The sound of rain awakened me during the night. I was in a hotel room in Portland, Maine where the quietude allows for open-windows. Occasionally I got a whiff of salt air.

The evening before a water taxi from Portland’s Old Port waterfront where the Fore River joins Casco Bay took me past historic Fort Gorges over to Spring Point. It was cool and damp but the salt air was refreshing. I settled my appetite with some local fresh seafood, courtesy of my hosts from Jeep.

About six week earlier I got an email that read: You are invited to join the Jeep brand in Portland, Maine, for the first drive of the highly anticipated 2018 Jeep Grand Cherokee Trackhawk.  Driving will include public roads in Maine and New Hampshire, as well as track time at the new Club Motorsports road course in Tamworth, New Hampshire.

The time was now! And for the coming day I didn’t want or need any rain.

The automotive enthusiast world has wondered, speculated and spread rumors about which vehicle from Fiat Chrysler Automobiles would next have the 707-horsepower Hellcat Hemi engine stuffed under its hood.

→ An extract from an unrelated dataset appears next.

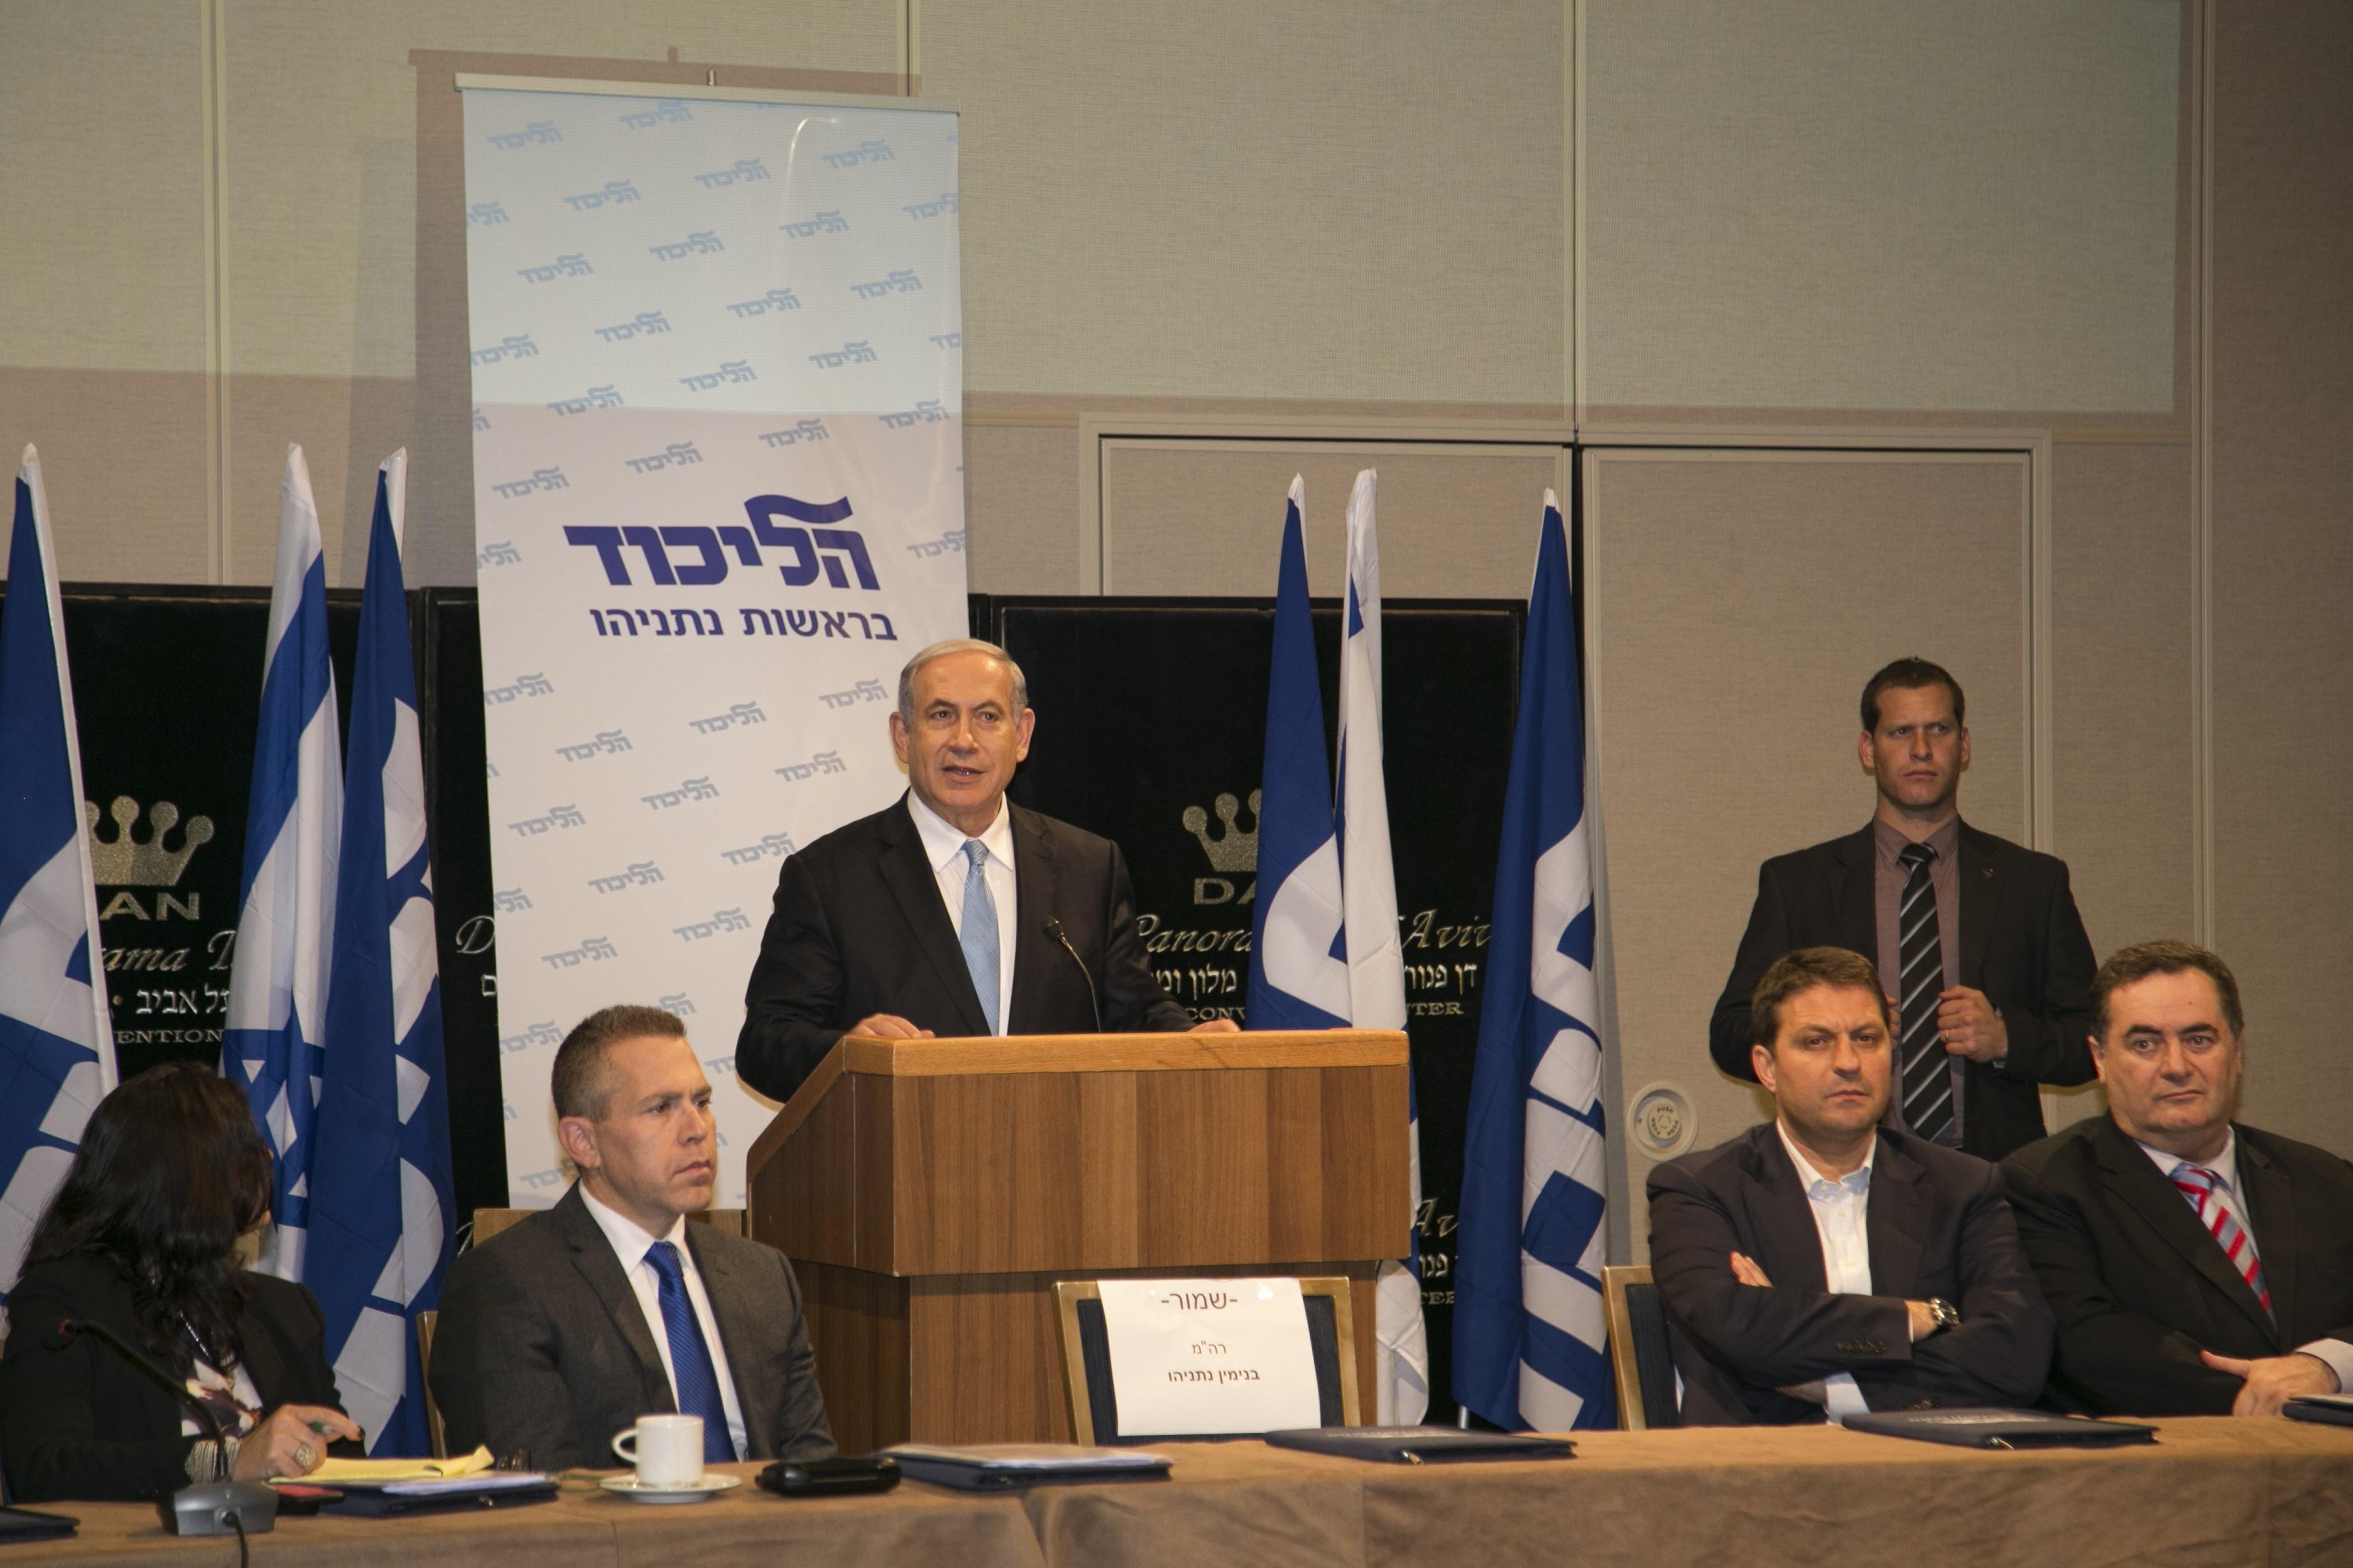 Tel Aviv, January 25, 2015 - Israeli Prime Minister Benjamin Netanyahu spoke during the launching campaign event of the Likud party - Image by © Dan Bar Dov/Demotix/Corbis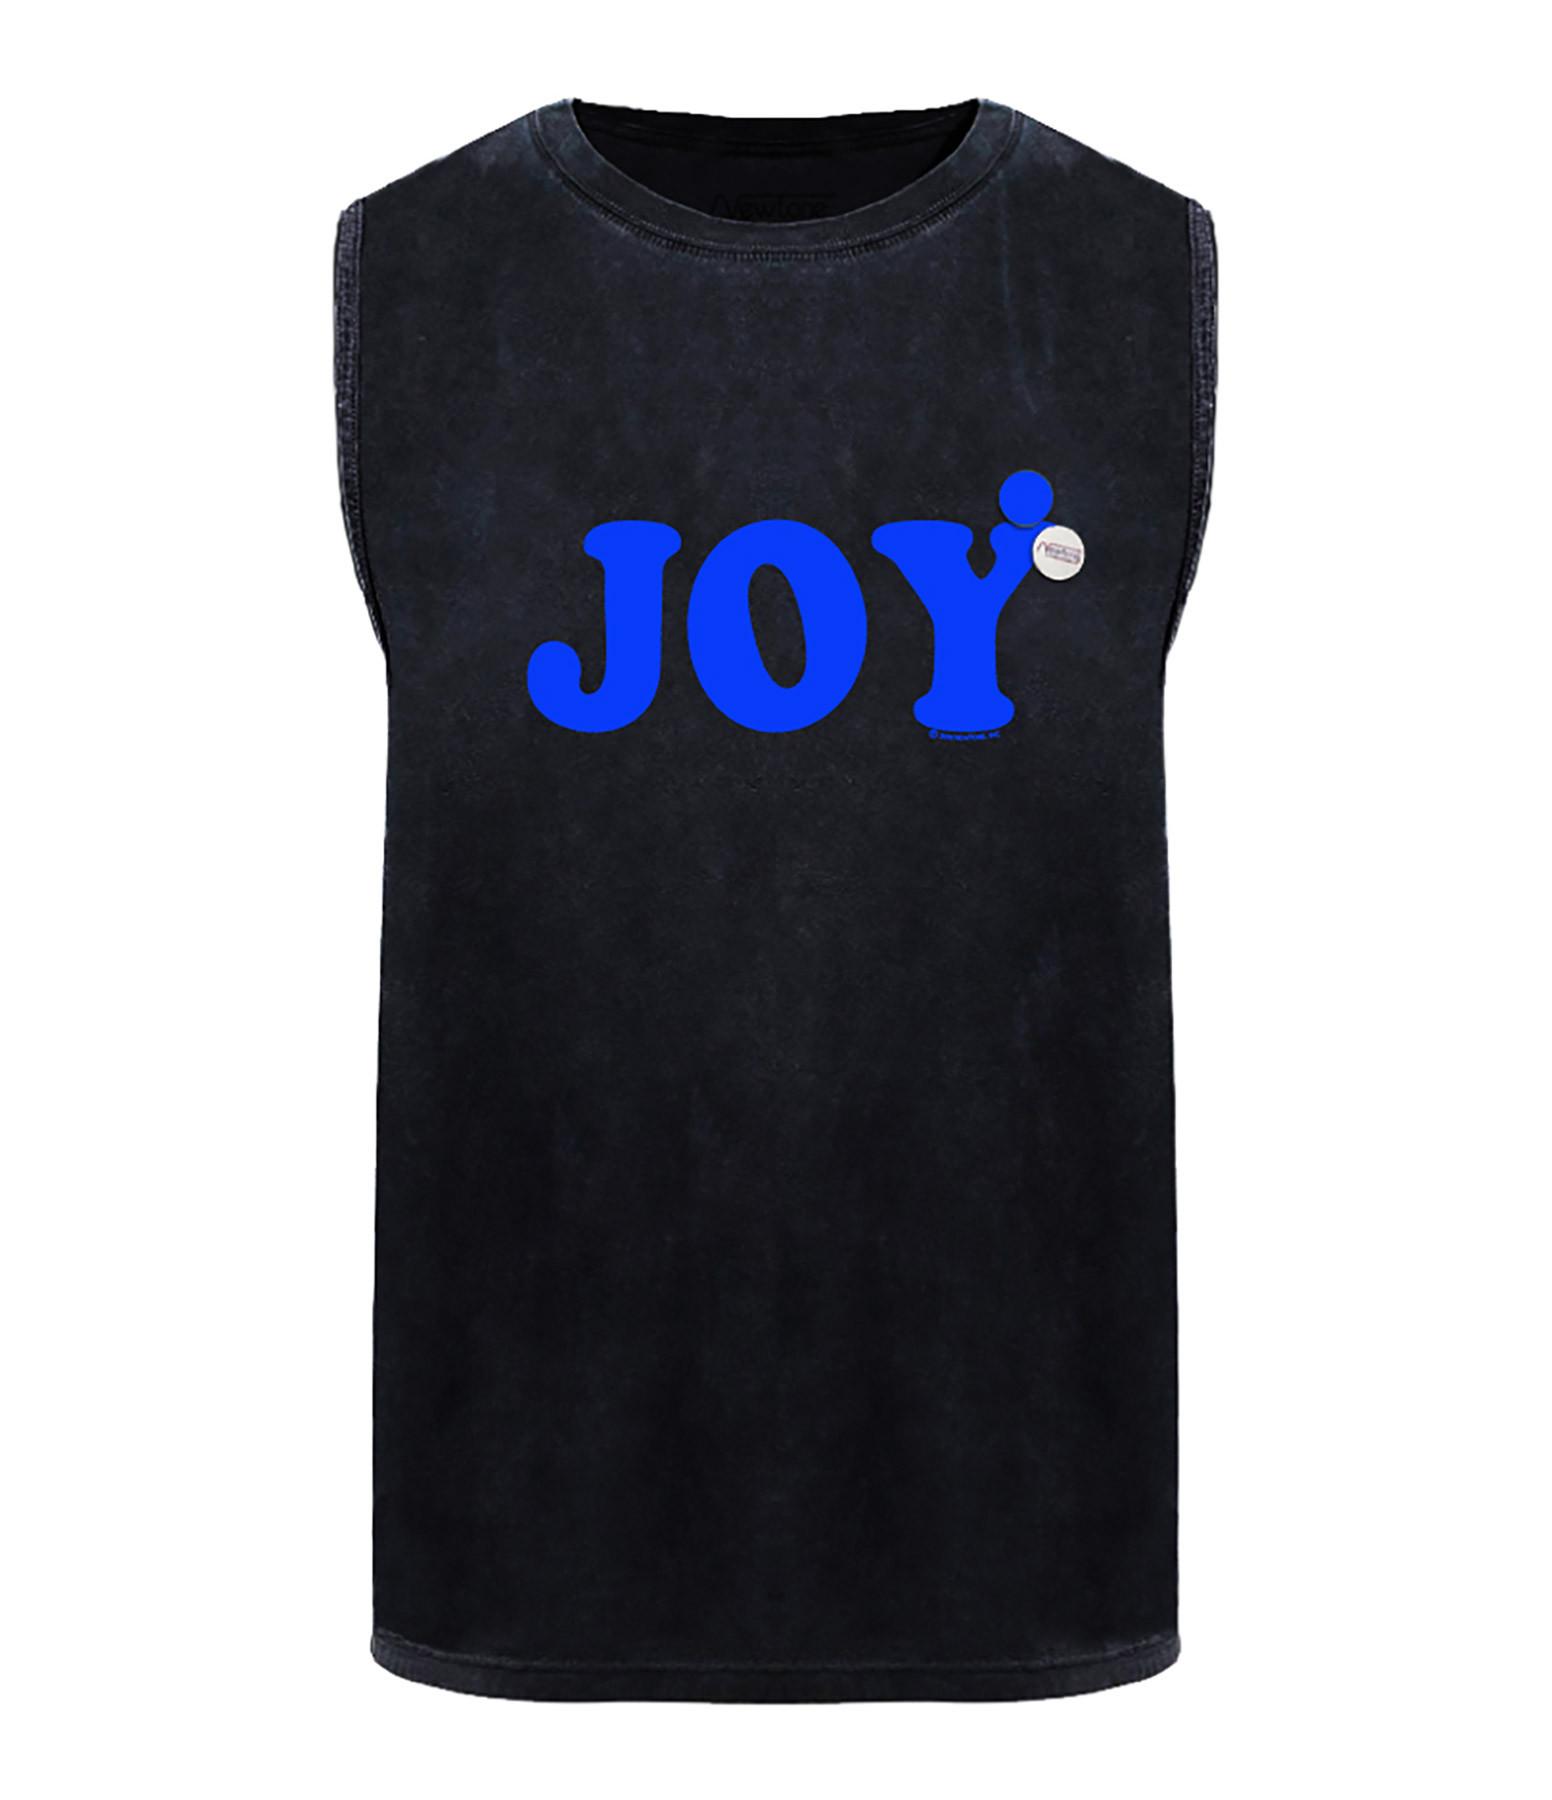 NEWTONE - Tee-shirt Biker Joy Coton Noir

Speculation ended back in early April when the 707-horsepower 2018 Jeep Grand Cherokee Trackhawk was revealed in New York to the automotive world. Later that month the folks at Jeep hosted Midwest Automotive Media Association (MAMA) members at a meeting where we got an up close look at the Trackhawk. This detailed walk-around included hearing the rev of its powerful engine, further whetting my appetite for some time behind the wheel

Candidly, it was nice of Dodge to share their Hellcat engine with Jeep. Knowing already that two Dodge Hellcat-powered cars had been totally engineered to handle 707-horsepower, we knew there would be nothing less for the Jeep Grand Cherokee.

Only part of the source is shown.